Гоняли на стрельбища - стрелять, учили
копать окопы, блиндажи и все такое прочее.
А в ноябре месяце нас направили под Сталинград. Мы ехали через Ленинск на
Волгу, как раз перед ноябрьскими праздниками на барже через нее
переправлялись. Когда переплыли к тому берегу, нас разбомбили. Бомбы упали
рядом с баржой, баржу перевернуло, и всех в воду выбросило… Вылезли на
берег, и ходу в Красноармейск. Там и была сформирована мотомехбригада,
которая потом стала называться 12-я гвардейская.
Там нас распределили кого куда. Я попал в роту автоматчиков, звание у меня
было - сержант.
Танки в бригаде в основном были «Т-34». Прошли мы путь от Красноармейска, до
Новочеркасска, потом на Миусс. На Миуссе мы встали в глухую оборону. Встали
только из-за распутицы, никаких подвозов не было. Немец стоял на том берегу
Миусса, а мы на этом. Так и стояли, по-моему, с полгода. А в марте пришел
приказ Сталина: вернуть, по возможности, специалистов по их назначению. А у
меня в красноармейской книжке было записано, что я имею авиационное
образование, и соответственно уже служил в авиации...
— Давайте, чуть вернемся:
во время Сталинградской битвы Вы ездили на танках или на автомашинах?
В тылу на машинах перебрасывали, в
основном на «ЗИСах», но появились и «Студебеккеры», а в боевых действиях мы
участвовали на танках.
— Автоматчики помогали
танкистам заправлять танк, снаряды загружать?

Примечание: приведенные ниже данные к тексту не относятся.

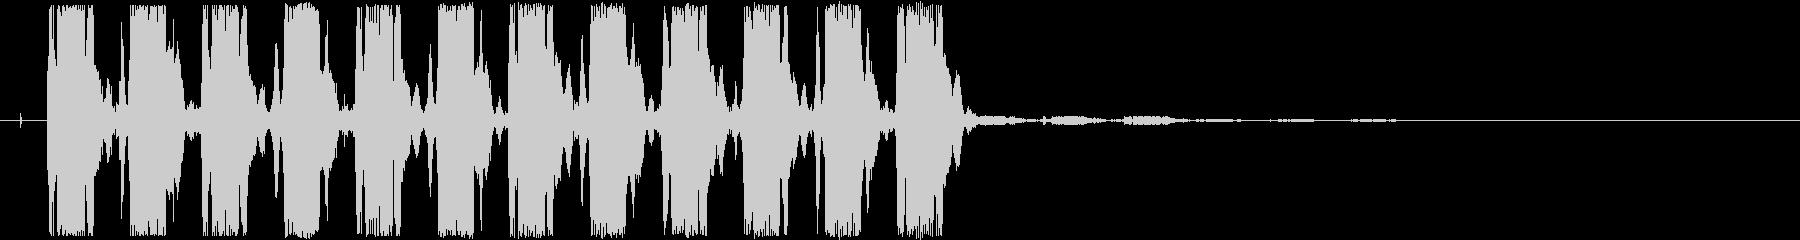 警告音-ydxの未再生の波形

Конечно, помогали, а как же…
— Внутри танков ездили или
только снаружи?
Только снаружи. Кстати, я недолго и на
танкиста учился. До того как я попал в пехоту, тогда в Челябинске, нас,
технических специалистов, направили в танковое училище. Дней наверно через
десять я был там, и несколько летчиков там же оказалось, но мы решили оттуда
уйти... Из них у троих были летные книжки, и им удалось уехать на фронт, и
их взяли летчиками. А я в результате оказался в мотомехбригаде…
— Немцы пишут, что тогда
были ужасные морозы. Это правда?
Да, морозы были очень сильные. Как раз
когда переправлялись, через Дон. Это было в декабре–ноябре. А в январе
1943 года были жуткие морозы. А мы пошли в наступление, дошли до
Новочеркасска, и в конце января началась распутица.
— А как Вы одеты были в
морозы?
Одеты были, просто — в шинели.
Шинели… Были ватные штаны конечно, были и простые штаны и шинели.
— А тулупы?
А какие тулупы? Никаких тулупов не было.
Конечно, холодно, а что сделаешь? Но была молодежь в основном, выдержали.
— Немцы, и уж тем более
итальянцы, очень жалуются. А наши почему-то не жалуется. И Вы не жалуетесь.
Не было жалоб. А на что жаловаться?
Жаловаться не на что было… Холодно, ну давали по пятьдесят грамм, по
сто грамм… Часто получали даже больше нормы.
— Обморожения были в те
дни?
Конечно, были. Я и сам имел обморожение
руки. До сих пор у меня пальцы работают ненормально. И ноги были обморожены.
Но серьезных обморожений, пожалуй, не было.
А вот что странно, и что меня до сих пор удивляет, такое скопление войск
было, но не было инфекций, и каких-нибудь массовых заболеваний…
— Наши врачи пишут, что
это был "большой плюс", что не было эпидемий.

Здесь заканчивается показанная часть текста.